[Loch-ruadh] electricity

Timothy Rayburn timothy at elfsea.net
Wed Feb 6 08:28:42 PST 2002

<Coming out of Stealth Mode ;)>

>Obviously, such a system will deplete the battery fairly quickly at full
>load, but you shouldn't be running a space heater on it anyway. :)
>Chances are, if you are frugal with the power, a car battery might last
>the entire week without a recharge. If a recharge was needed, the
>battery charger could probably top it off in a few hours, assuming you
>can find somewhere to plug it in. If all else fails, jumper cable that
>battery up to your car and run the engine for a while. For the long
>term, I might suggest a solar charger, but they can get pricey pretty quick.

I have built just such a system because I have need to use a CPAP at night when I sleep, and power is not always available.  Here are my thoughts :

1) If you build the system personally, then I would ammend Sluggy's suggestions with the following : a) Make the battery a Deep Cycle Trolling marine battery.  These are meant for constant draining and recycling and are focused on providing a consistent slow pull.  b) It's all in the inverter, the more inverter, the more you can do.  c) My system ran me $40 for the inverter, $60 for the battery, $25 for the charger and about $15 in parts from Radio Shack.

2) There is a company called X-Power that is selling a bundled battery, charger, and inverter all inside a nice sealed plastic box on wheels and with a handle about the size of a filebox with a handle like the airport carry-on bags that slides down into the box.  It costs about $200, but is sealed, and avoids all the trouble.  I'm seriously thinking about replacing my system with this, as very few Marine batties are sealed (mine is not).

3) The upside to my system is that I ran my CPAP and a laptop (on and off), and charged my cellphones all war last year without ever having to recharge my battery.

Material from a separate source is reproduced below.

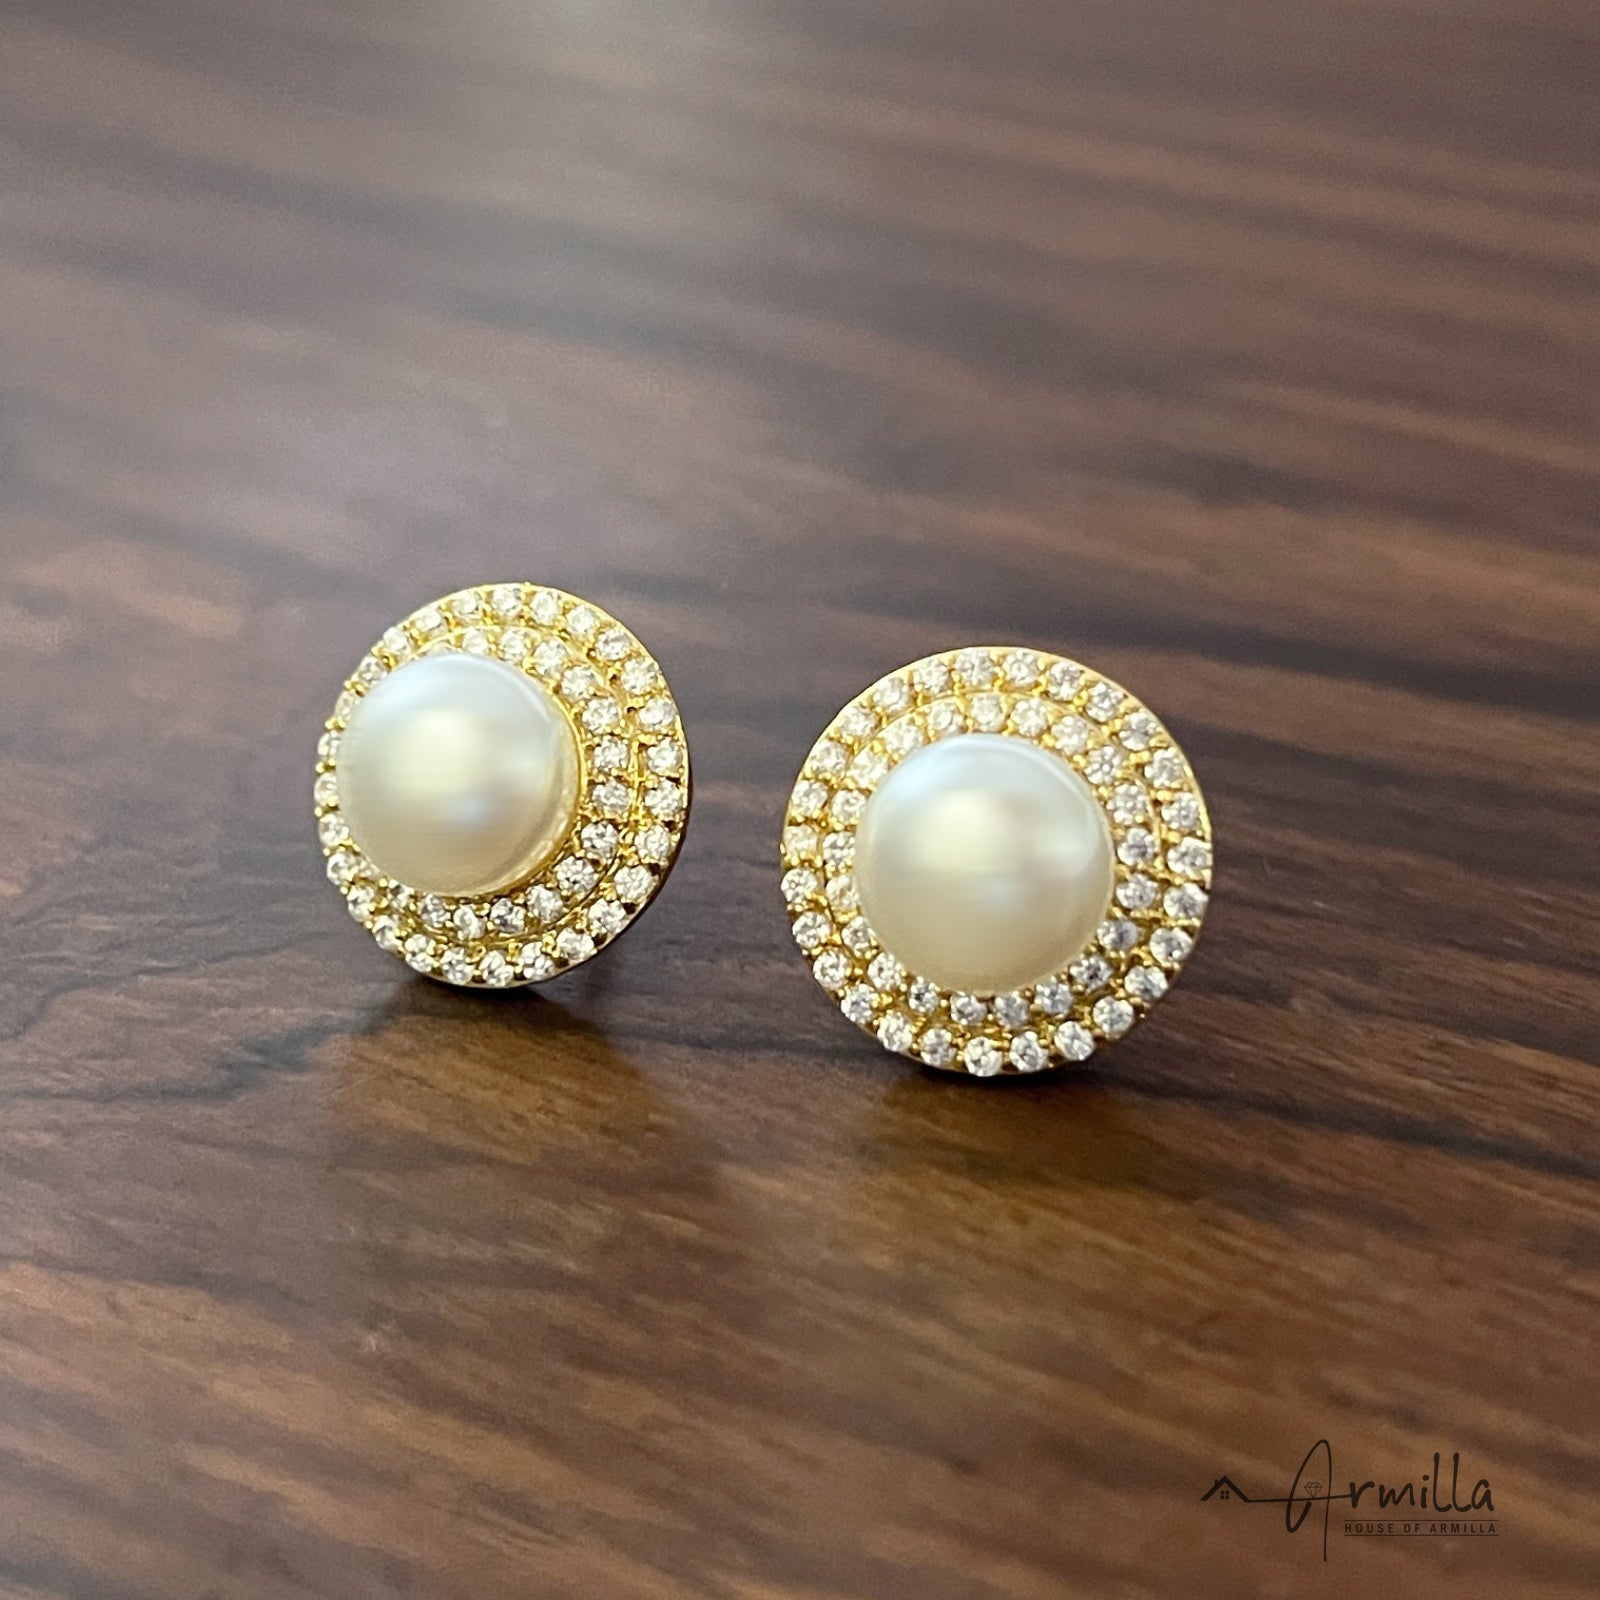 Very Rare Large 15.5-16mm White, Round and Clean South Sea Pearl Earri – MM  Fine Jewelry and Gems Inc.

>VERY IMPORTANT: It rains at Gulf War, almost guaranteed. While the 12V
>from a car battery is not particularly dangerous in the wet, 110V AC
>from the inverter is. Such a system should be in a dry location and must
>be off the floor and covered to prevent it getting wet in case your
>shelter leaks.

I just left this in because he is VERY right about this.  Read it again if you plan on doing something like this.